[Du Sentiment de l’admiration]
Dans une fête où tout est sincère, ne doit-on pas considérer le discours que j’ai mission de prononcer à cette place comme un dernier hommage rendu à la vérité ? Reine depuis qu’elle n’est plus déesse, la vérité domine ici sans partage et, sans interrègne, et, pour quelques heures qui vous séparent de l’indépendance, elle ne veut pas abdiquer ses droits. Je viens donc en son nom mêler à l’ivresse de votre victoire quelques réflexions salutaires et comme un suprême enseignement.
Parmi les qualités que je me plais à vous reconnaître, je vous ai trouvé un défaut, un, ce n’est pas beaucoup avancer ; mais ce défaut est assez fâcheux pour que je prenne à cœur de vous le signaler avec force, dussé-je vous laisser de moi le souvenir d’un morose donneur de conseils, Caton malencontreux, Orbilius de la dernière heure !
Ce que je regrette en présence de votre génération, ce que je vous reprocherais même si vous étiez seuls responsables de cet inquiétant abandon des intelligences, c’est l’affaiblissement chez la plupart d’entre vous, chez quelques-uns même l’absence d’un sentiment qui propage la flamme et la vie et dans toute l’étendue de son empire agrandit la nature humaine. Je veux parler du sentiment de l’admiration. Ce n’est pas que vous refusiez une adhésion respectueuse à ces chefs-d’œuvre des âges favorisés où nous cherchons avec vous les modèles de la raison élégante et les secrets de l’éternelle beauté. Dieu merci, vous n’êtes pas encore rebelles à Homère. Mais que donnez-vous aux héros des sereines épopées et des majestueuses tragédies ? Qu’accordez-vous à leurs créateurs immortels ? une attention docile qui vous permet tout au plus de saisir quelques détails et de vous approprier de vagues réminiscences. Vous avez écouté froidement, froidement expliqué ces pages vivantes où court la chaleur d’un invisible feu, et vous croyez en avoir fait votre conquête et la possession de votre esprit. Étrange illusion, indigne de vous, digne tout au plus de ceux qui, loin de ces sanctuaires des fortes études, s’imaginent découvrir le goût dans un manuel et se figurent qu’on peut se préparer à sentir et à comprendre le génie !

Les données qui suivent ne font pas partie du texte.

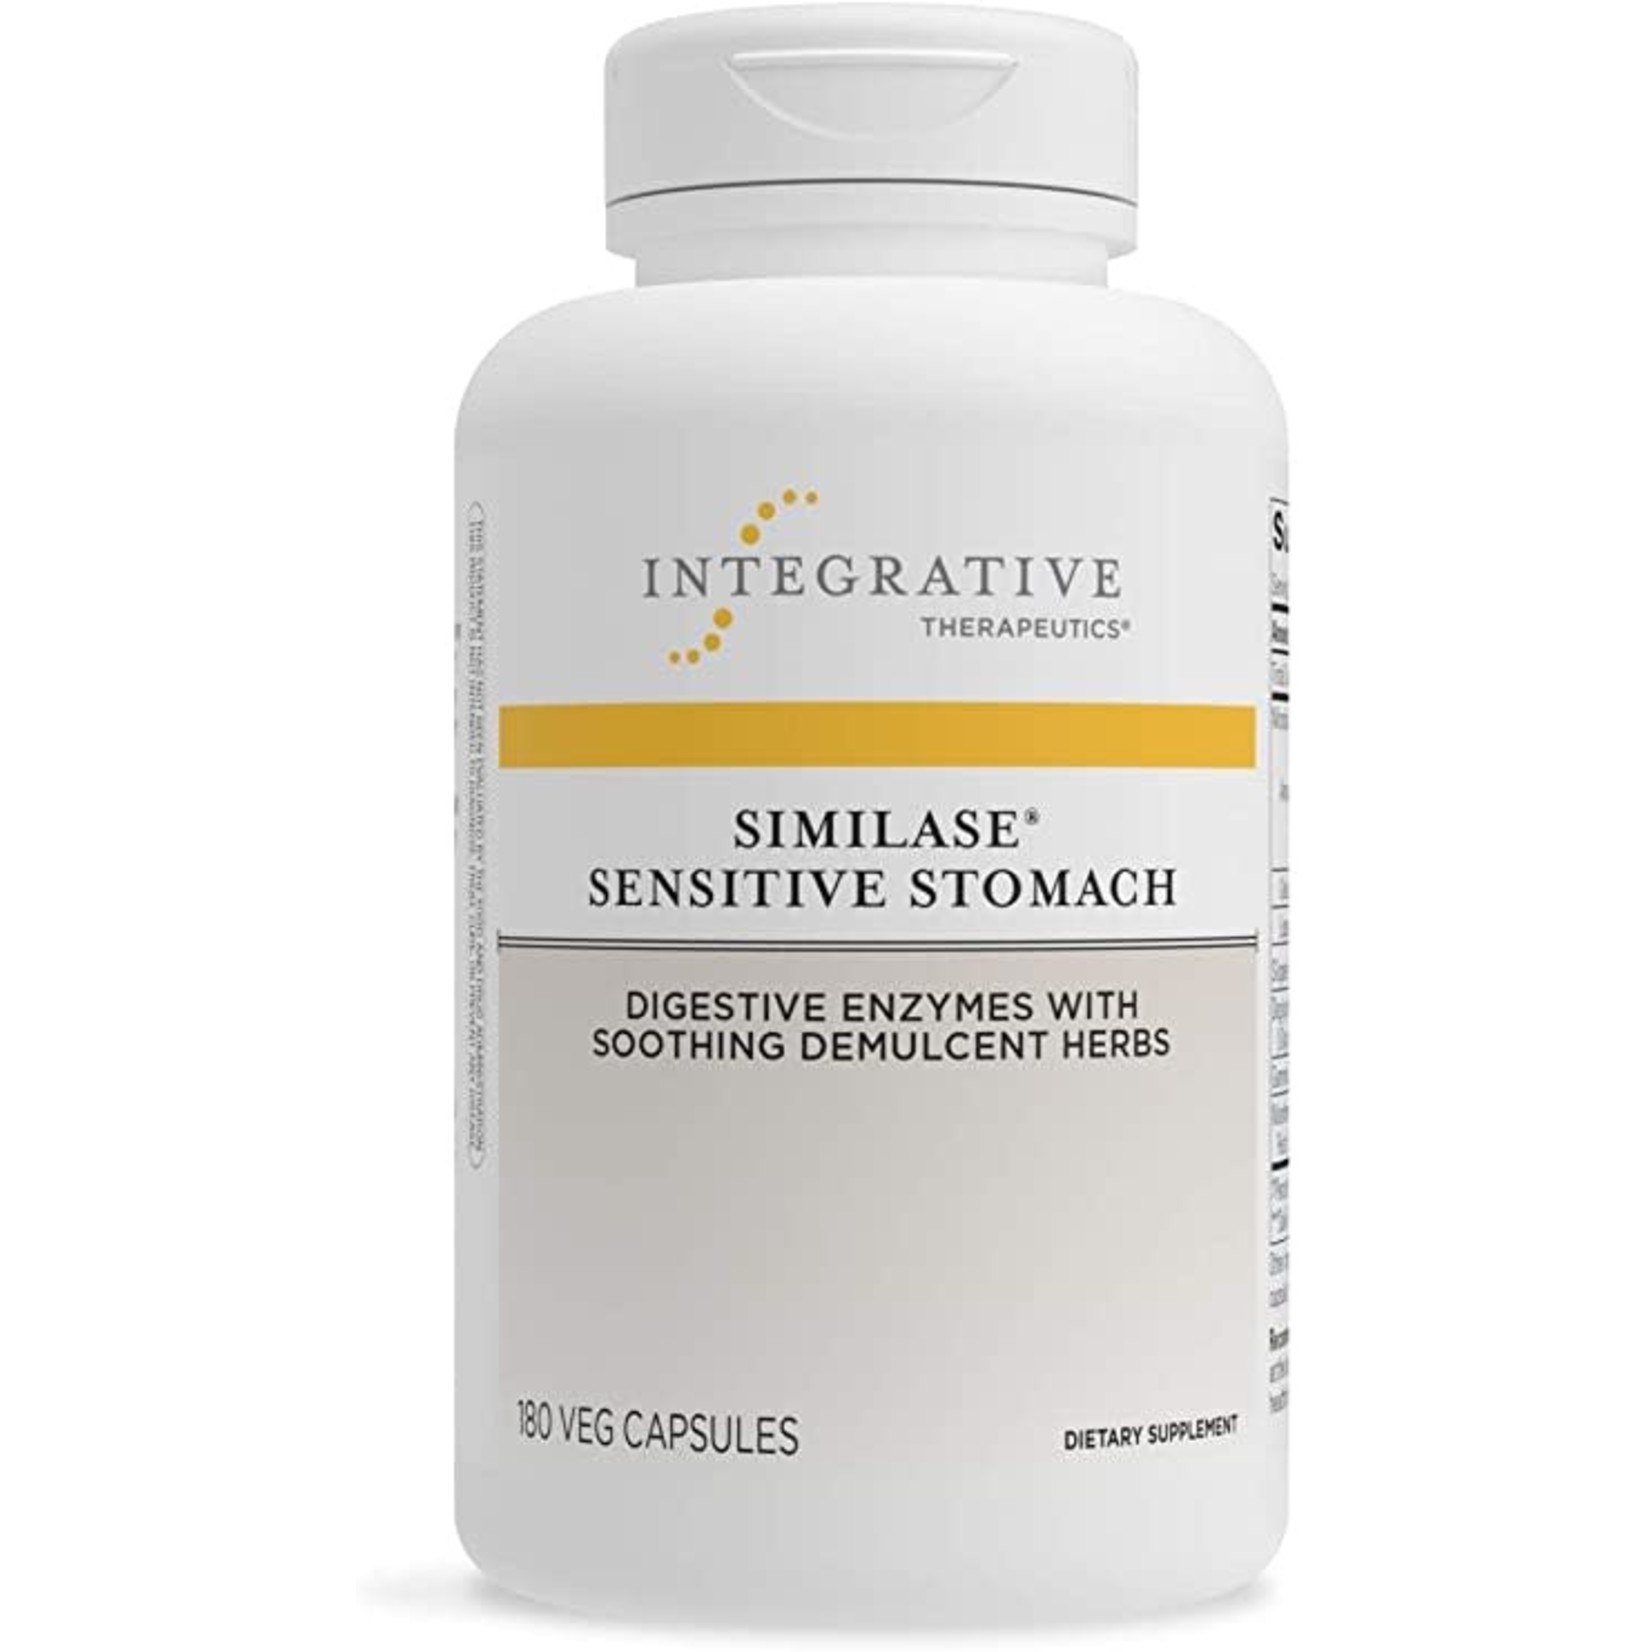 Similase Sensitive Stomach (Integrative Therapeutics)

Détournons nos regards d’erreurs qui nous sont étrangères. J’aime mieux revenir à vous, chers élèves, que je ne prétends pas juger avec autant de rigueur. Vous n’avez pas cette confiance hautaine « cette intrépidité de bonne opinion » qui supprime la sage lenteur de l’étude. Vous êtes pour la plupart appliqués, réfléchis, attentifs. Pourquoi ne portez-vous pas les progrès de votre esprit au point où vos devanciers à plusieurs reprises ont su s’élever et se maintenir ? Par suite de cette froideur d’Imagination, de cette quiétude littéraire qui vous fait assister au déroulement des merveilles de l’art comme des témoins à demi-insensibles, et non comme des adorateurs émus et transportés. Estimer, apprécier un Démosthènes ou un Cicéron ne suffit pas au large développement de l’intelligence. Pour se rendre maître de ces modèles, il faut, il faut surtout une admiration vive, ardente, sans tiédeur et sans défaillance. Or, je le proclame au nom de tous ceux qui vous connaissent, de ceux dont l’expérience m’autoriserait au besoin, vous ne savez plus, hélas ! vous ne savez plus admirer !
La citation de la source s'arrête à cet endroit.